Заражение — страница 50 из 99

— Что вы имеете ввиду? Таксистов? Это просто жадность.

— Не только жадность. Там целый клубок пороков. А как было бы хорошо — сделал укол и человек все понял, осознал…

Она покачала головой. Юный. Наивный. Все у него впереди.

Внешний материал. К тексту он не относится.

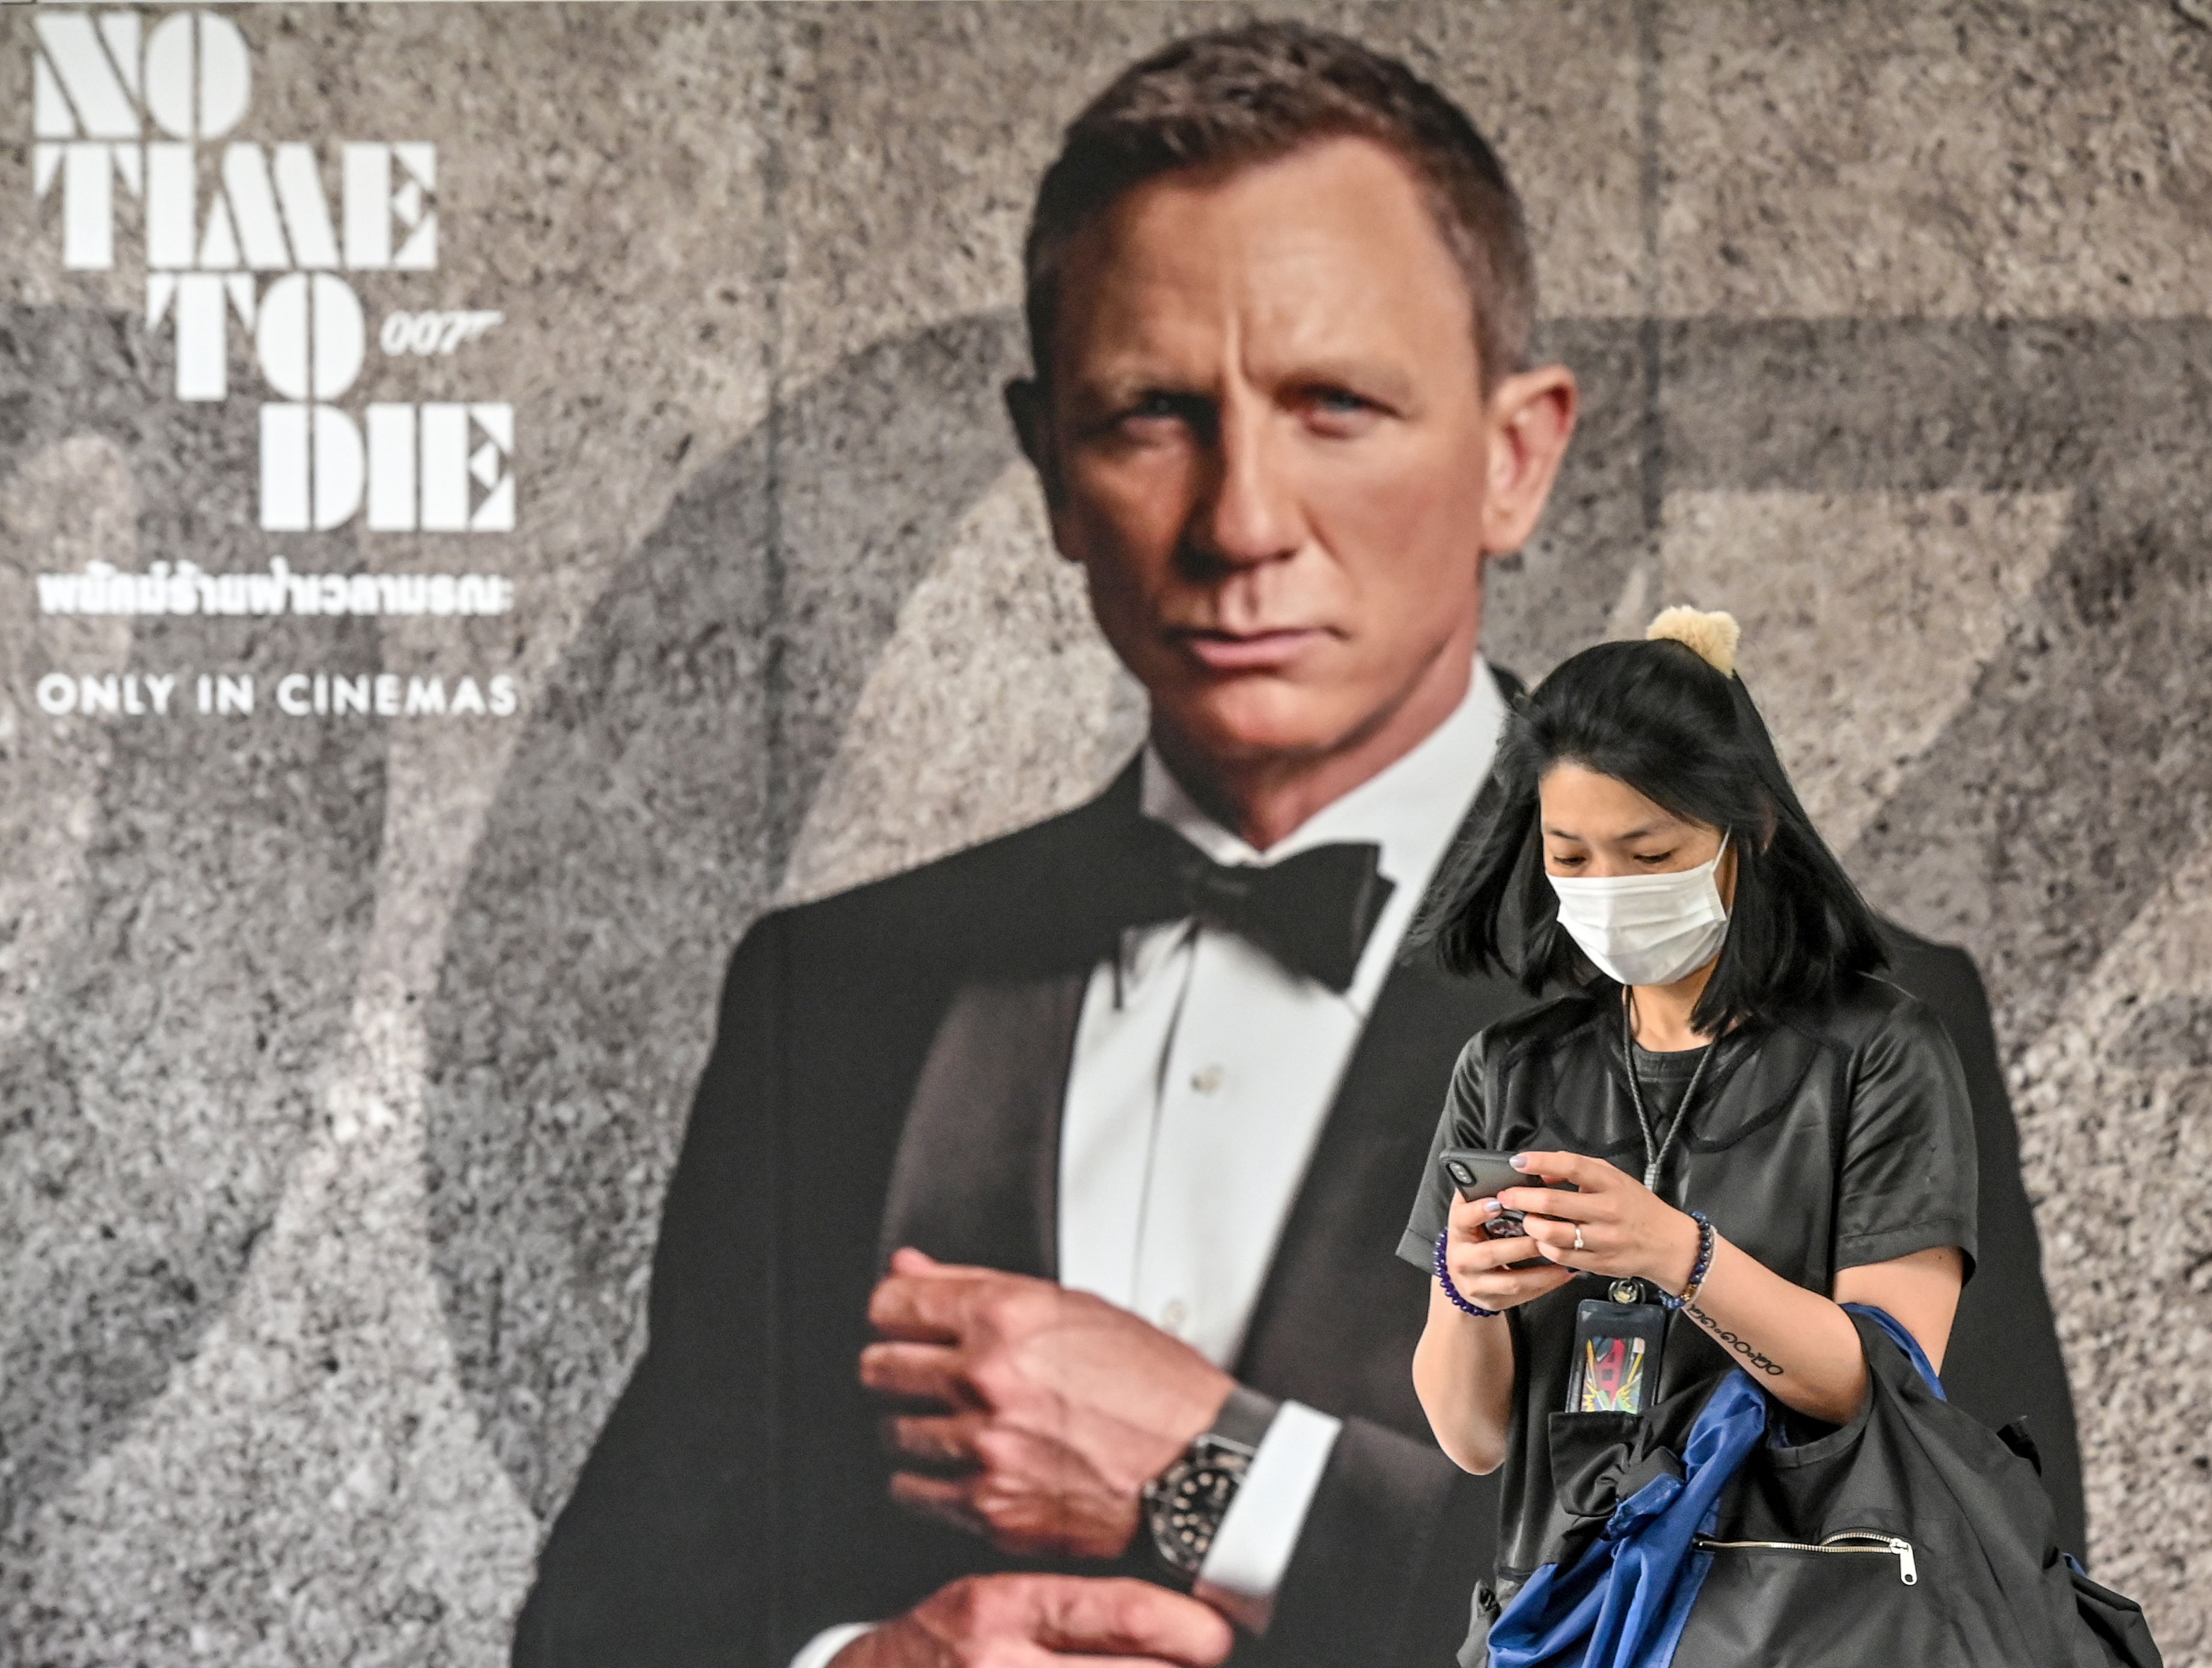 La nueva película de James Bond "No hay tiempo para morir" se retrasa hasta noviembre después de los temores de coronavirus según el estudio. (Foto Prensa Libre: AFP)

— Я никогда не был на той свалке, — признался он. — Только примерно знаю, где она. И карты нет. — Они мчались на северо-восток. Справа от трассы шумел полноводный ручей. Склонившиеся над ним плакучие ивы отражались в журчащей воде. Луна за городом светила очень ярко, ее свет заливал всю округу серебряным маревом и хлопья тумана в низинах ручья казались зловещими, смутными призраками.

— Как же мы его там найдем? — Она сжала кисти в кулаки, костяшки пальцев побелели.

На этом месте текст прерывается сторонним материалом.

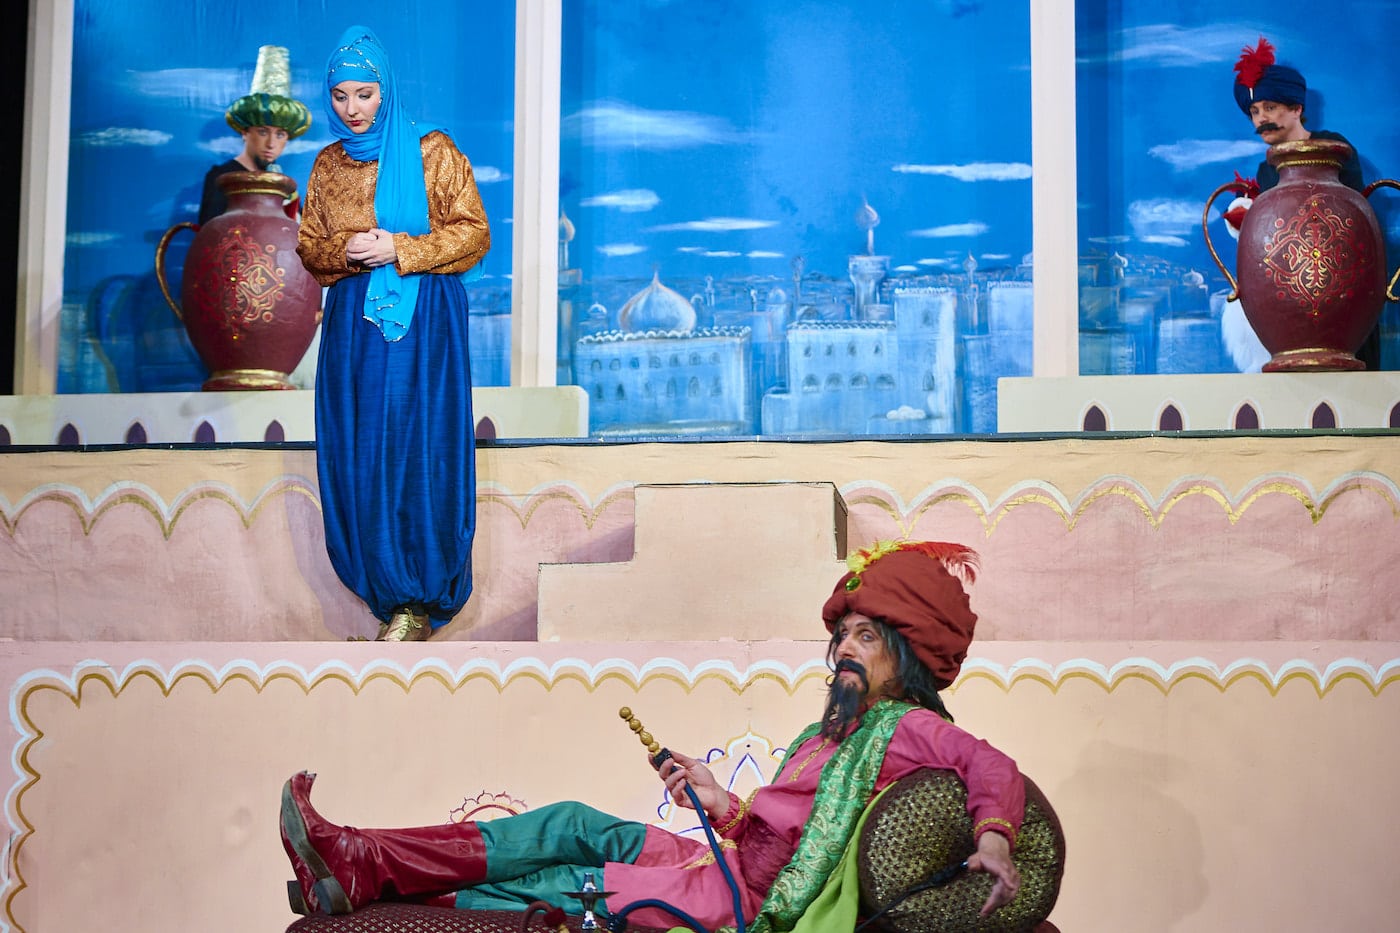 Zauberhaft was Kalif Storch im Münchner Theater für Kinder alles erlebt // HIMBEER

Стрелка спидометра замерла на цифре 90. Лукин гнал во весь опор. Он прекрасно понимал, что промедление на полчаса-час может быть фатальным.

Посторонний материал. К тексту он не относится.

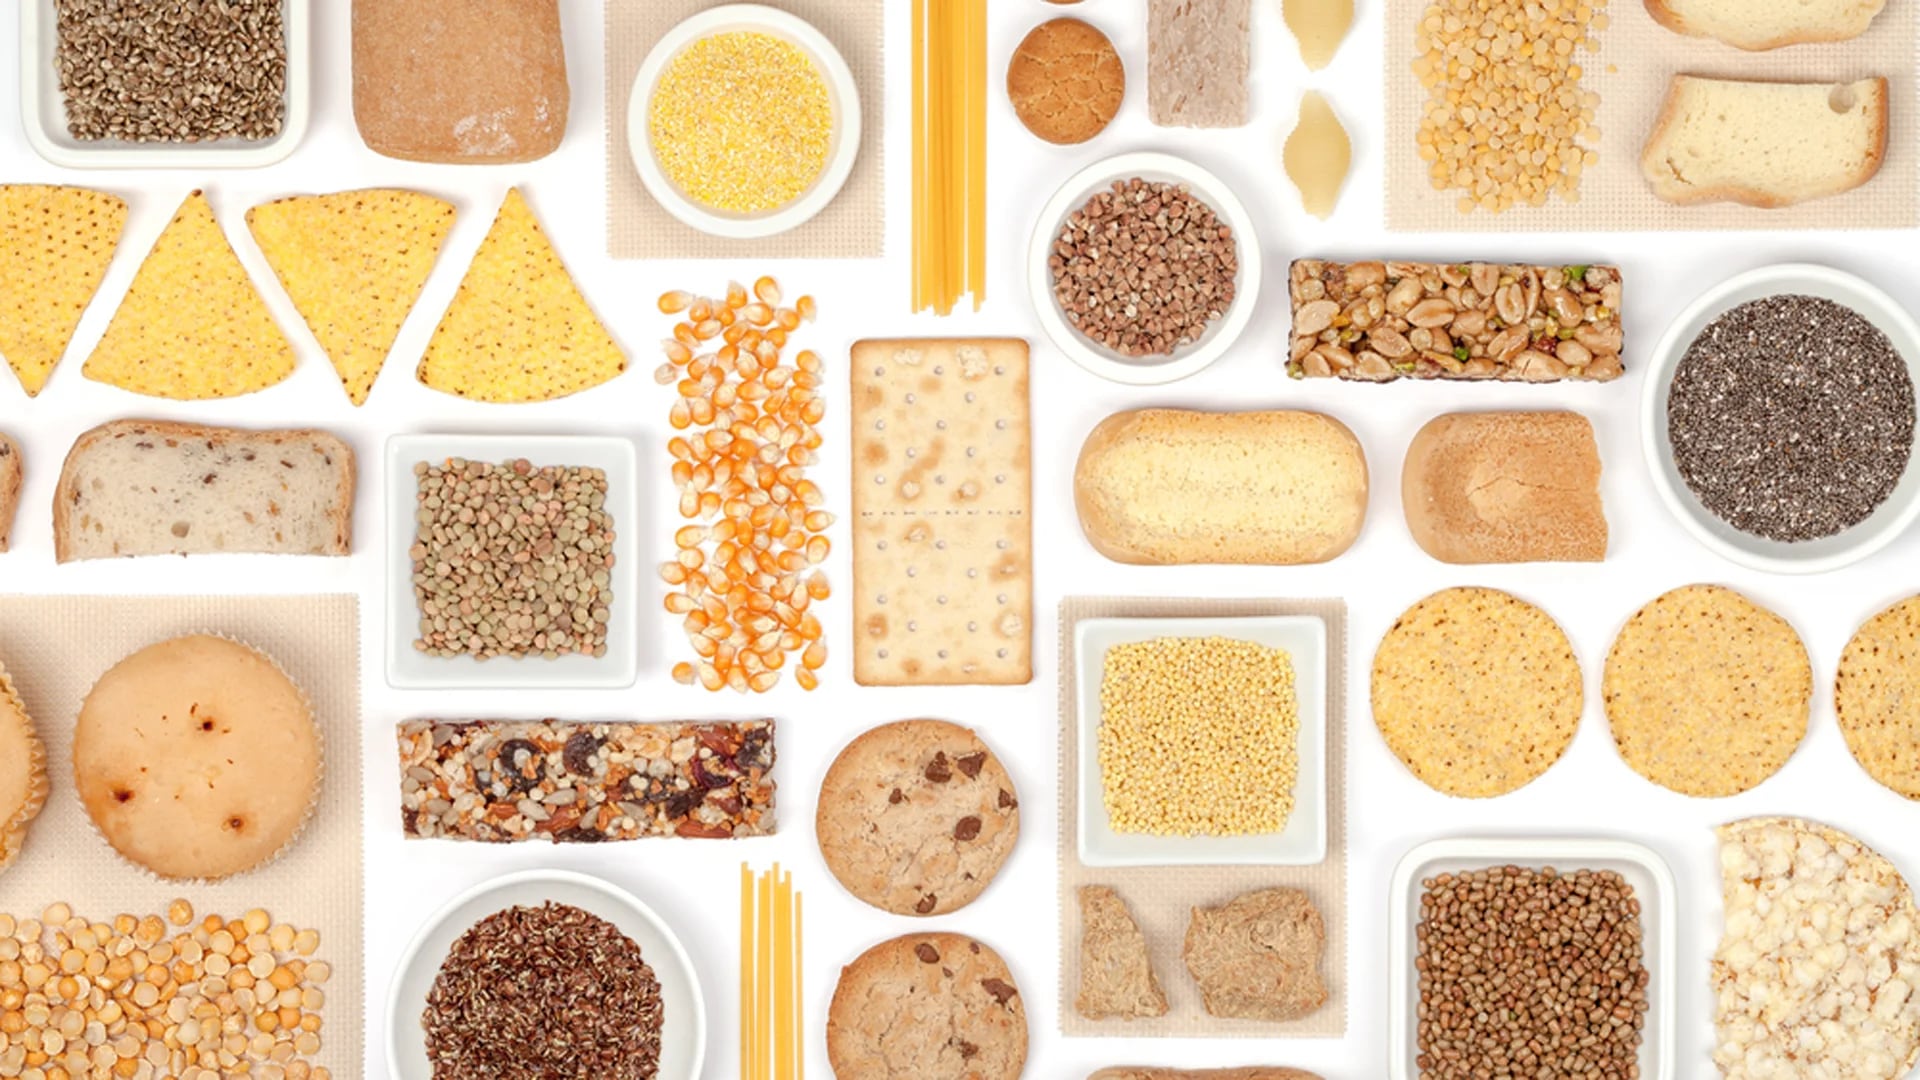 Hay muchos alimentos sin TACC, ricos, que se pueden incluir a la dieta celíaca (Shutterstock)

— Она не найдет его там, даже если сможет уехать, — сказал он Сапрыкину.

— И что ты предлагаешь?

— У меня машина отцовская внизу. Если вы отпустите, я мог бы попытаться найти этого…

Сапрыкин обвел собравшуюся бригаду взглядом, потом посмотрел на него поверх очков.

— Ты единственный, кто его видел. Так что, если уверен, что это единственный шанс, нужно его использовать. Хотя я думаю, в лаборатории что-то намудрили. Представляешь, Коля, нулевой резус, ты хоть раз в жизни с таким встречался?

Анестезиолог удивленно поднял брови.

— Что? Нулевой — что?

— Резус-фактор. То есть, его кровь точно подойдет нашему пацану. А другой замены у нас нет. Если отправлять запрос в Москву, то…

— Не успеем, — сказал анестезиолог.

— Да.

Лукин уже скинул халат, маску и бежал к выходу. Какие бы гадости Сапрыкин не говорил, есть в нем все-таки что-то человеческое, думал он, перепрыгивая через три пролета больничных ступенек.

Через полчаса езды по грунтовке перед ними показался холм, выделявшийся в подсвеченном пространстве темным монолитом.

— Кажется, это оно, — тихо сказал Лукин.

Еще через сто метров справа показался указатель «Городская свалка, направо 500 м.». Машина медленно свернула. Теперь они еле тащились, дорога здесь была усеяна выбоинами, копейка раскачивалась, как утлое суденышко в открытом океане.

— Смотрите в оба, — сказал он. — Думаю, должно быть что-то похожее на садовые домики, сараи, где они живут.

— А разве милиция ими не занимается?

— Как мне объяснил один такой товарищ в психбольнице, — их пытаются лечить, трудоустраивать, но они все равно сбегают и возвращаются к прежнему образу жизни. Проще делать вид, что их нет. В конце концов, здесь они сортируют мусор и формально работают по договорам. Не все, конечно…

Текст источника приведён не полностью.